Она более не слышала его: отстранила трубку и чуть не выронила ее в воду. Дочь среагировала молниеносно — выхватила радиотелефон и запальчиво выкрикнула:
— Эй, вы, кончайте пудрить мозги! — Рита не потрудилась сформулировать посыл по-английски, выразилась на русском арго: — Валите на фиг!
— What?! What are you saying? Who is it? I didn't understand you![12] — нервно воскликнул нидерландец.
— Это твои проблемы, старый перец, — безапелляционно заключила девушка и отсоединилась.
— Зачем так грубо? — укоризненно спросила мать.
— Еще не хватало расстраиваться из-за каких-то иностранческих даунов. Шел бы он в пень!.. Кто такой вообще?!
— Рита, это неинтеллигентно, недостойно…
— О-о! — взвилась та. — Можно подумать!.. Не делай из мухи слона!
Софья уткнулась в сгиб локтя, вздрагивая худенькими плечами, и девушка пошла на попятный — смягчила тон:
— Мамочка, миленькая, ну ладно, ну извини меня… Пожалуйста, не плачь!.. И выходи из воды. Сколько можно мокнуть?.. Давай я тебе помогу. — Рита растянула большое банное полотенце, как сеть, и мать покорилась — плеснула в лицо водой и встала. Вытираясь, всхлипнула:
— Я должна была сказать Маурису, что…
— Пусть обломается! Говорить еще… Много чести! — отрезала Рита и спросила: — Ты что, из-за него заболела?
— Мне так кажется…
— Но это же глупо! — Девушка подала халат, помогла матери всунуть руки в рукава. — На свете и кроме него полно… всякого хорошего…
— Я не наблюдала ничего хорошего, кроме твоего вечно пьяного, опустившегося отца, — вяло возразила Соня. — Весь этот кошмар, который совершенно незачем видеть…
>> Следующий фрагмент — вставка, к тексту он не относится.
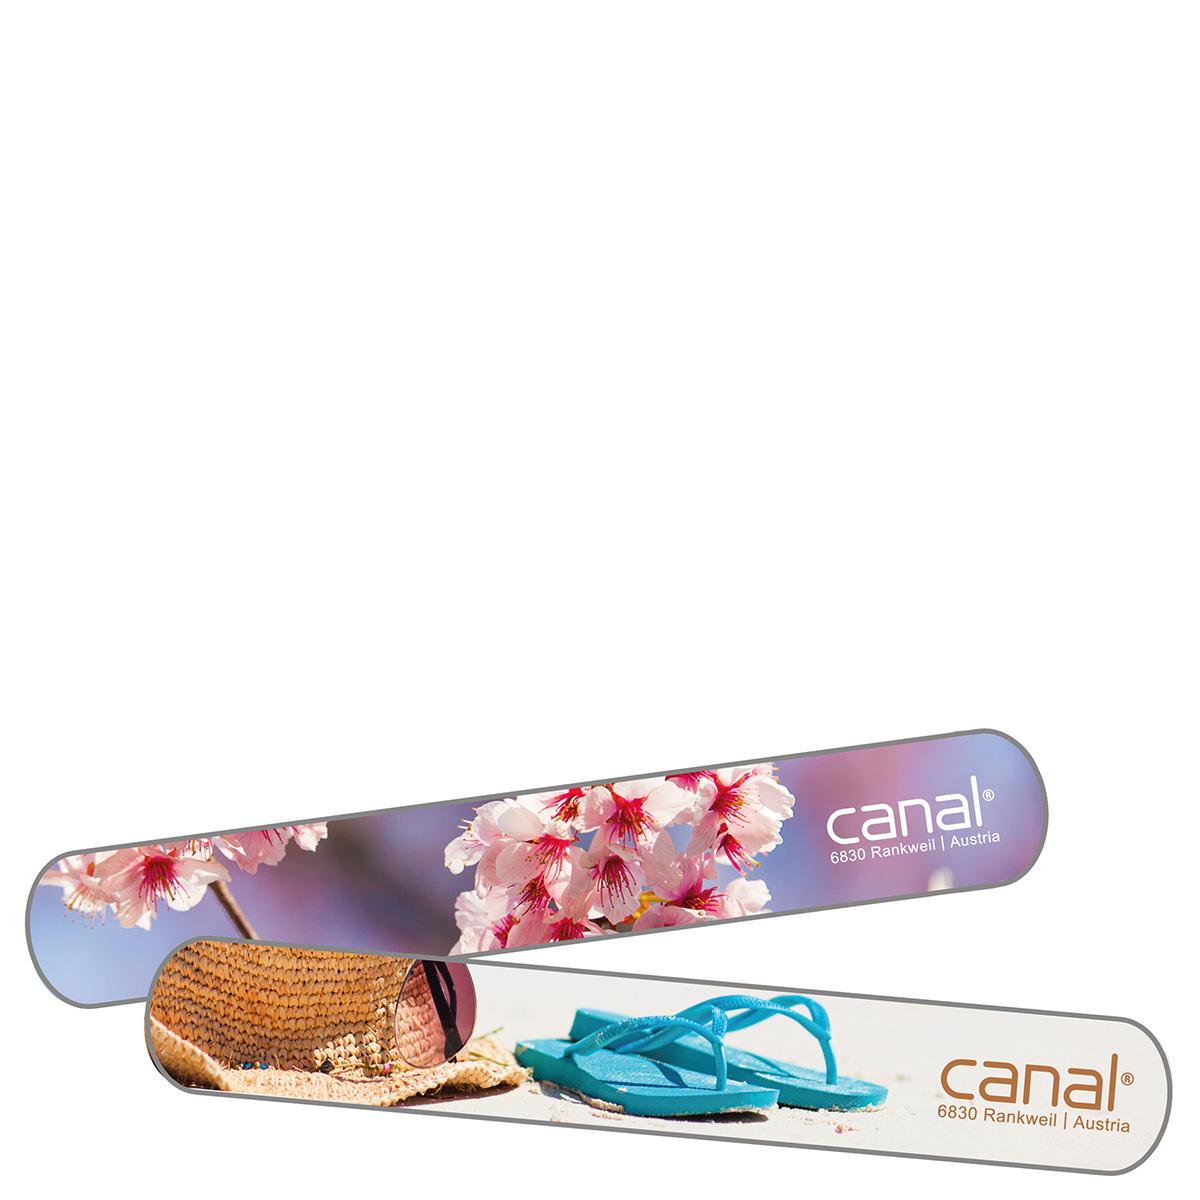 Canal Sandblattfeile Sommer  - 1

— Мама, перестань, не накручивай!.. Уверяю тебя, на свете полно приличных людей. — Маргарита подвинула к ней тапочки и, дождавшись, пока мать всунет в них ноги, потянула ее за собой в комнату. — Вот, пойдем, посмотришь… Мой Стасик, видишь?!
— Да, твой Стасик, — подтвердила Софья, хотя вовсе не считала легкомысленного, эгоистичного зятя эталоном приличия.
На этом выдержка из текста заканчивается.